Un proyecto hecho realidad

Es difícil describir con palabras lo que aquí he pretendido reflejar, emociones, sentimiento, compromiso y una fuerte capacidad de superación, todo esto es lo mas puro que refleja esta historia. Vivimos en un mundo rodeado de competiciones, donde la mayoría de las personas queremos ser mejor… mejor que el vecino, el compañero de trabajo, o el amigo que tienes en otro club, ese que te ganó en la carrera anterior y ahora es tu objetivo a seguir… pero saliéndonos de todos estos piques sanos, o algunos no tan sanos, vamos a empezar por donde esta historia merece… por su principio.

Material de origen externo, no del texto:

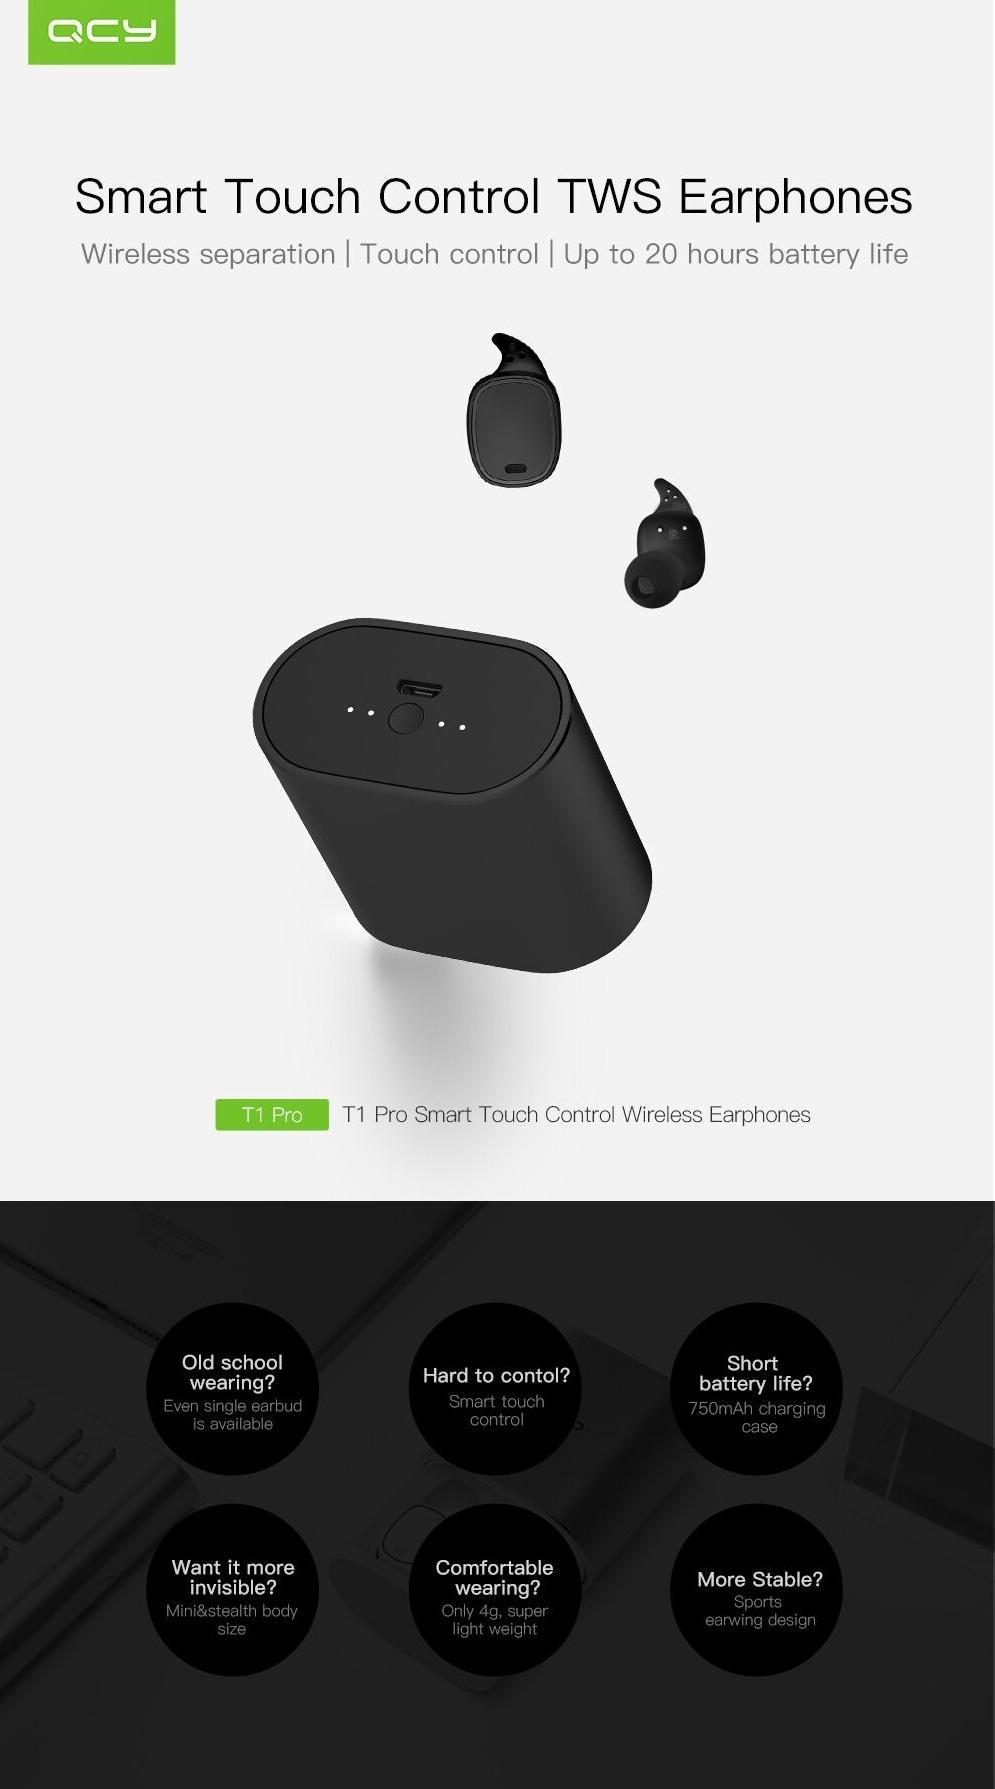 beaefa72aeb [True Wireless] QCY T1 PRO TWS Dual Bluetooth Earphones IPX4 Waterproof  Headphones with Charging

Anhelo las primeras carreras, esas que se celebraban de forma gratuita y eran subvencionadas por las ayudas o festejos del pueblo, y ¡ojo! no digo que deban de ser gratuitas, pero si que sus costes no sean desorbitados como pasa en la mayoría de competiciones de ahora, y esto os lo dice una persona que no lleva tanto tiempo en esto, ya que procedo de una larga vida deportiva pero no en el ámbito competitivo, compitiendo quizá lleve unos siete años, suficientes para ver que los intereses de hoy día son íntegramente económicos y no se mira por el cuidado del corredor, obsequiándote con premios ridículos como el callejero de un pueblo o camisetas de un euro el palet, que como te descuides y llegues tarde no son ni de tu talla.

ALMERÍA PARAISO DEPORTIVO

Cuando imagine esto hace ya unos 16 meses quería vivir una experiencia cerca de casa con amigos y conocidos de diferentes clubes, como por ejemplo; mi club de triatlón Martín Oliver, el de carreras populares Run 04 y mi gente del C.A.M. (Club Almeriense de Montañismo), los que considero mi familia. Gente que ha estado ahí, en cada paso y descripción de mis movidas, personas que no se alarman cuando nombro distancias, desniveles, kilómetros y horas de descanso. Personas que saben lo que son los valores tales como el compromiso, la constancia y la motivación por luchar por un objetivo final, en eso consiste el Ultra Triatlón Alpino. En unir a diferentes clubes y lugares con una misma finalidad, ayudar a un amigo que se lo pide y qué mejor lugar que hacerlo en un lugar como este, Almería, tierra de contrastes y riquezas paisajísticas de belleza incalculable.

Comienza el reto

Es jueves, un 5 de Marzo de 2015, son las 14:10 p.m y mi mente está relajada y mi cuerpo preparado, lleva 15 meses preparando este momento. Cada músculo está concentrado en lo que le espera, han sido 168 horas semanales distribuidas en más de 70 semanas, con hasta 35 horas repartidas en los bloques de máxima carga semanales. 14:30 p.m: últimos preparativos: peso, tensión, pulsaciones, volumen de oxígeno, Francisco García Navío es el encargado de que mi musculatura no pase hambre y mi musculatura se encuentra al 100%, la nutrición es fundamental. 14:55 p.m: últimas fotos, sonrisas, y despedidas. A María del Mar y algunos de los amigos que ahí se quedan los veré en 74 horas. Junto a mí las piraguas de Cabo de Gata Kayak, empresa de turismo activo, que me escoltarán en las zonas de agua. Últimos minutos, hay corriente, algo de oleaje y es marzo, el agua aún está fría pero tenemos una temperatura ambiente de 20º C, el estado de la mar no me preocupa, no estoy nervioso, procedo del bodyboard y las olas son mi parque de atracciones, respiro, medito un poco, y llega el momento, conecto mi gps Bryton y al agua.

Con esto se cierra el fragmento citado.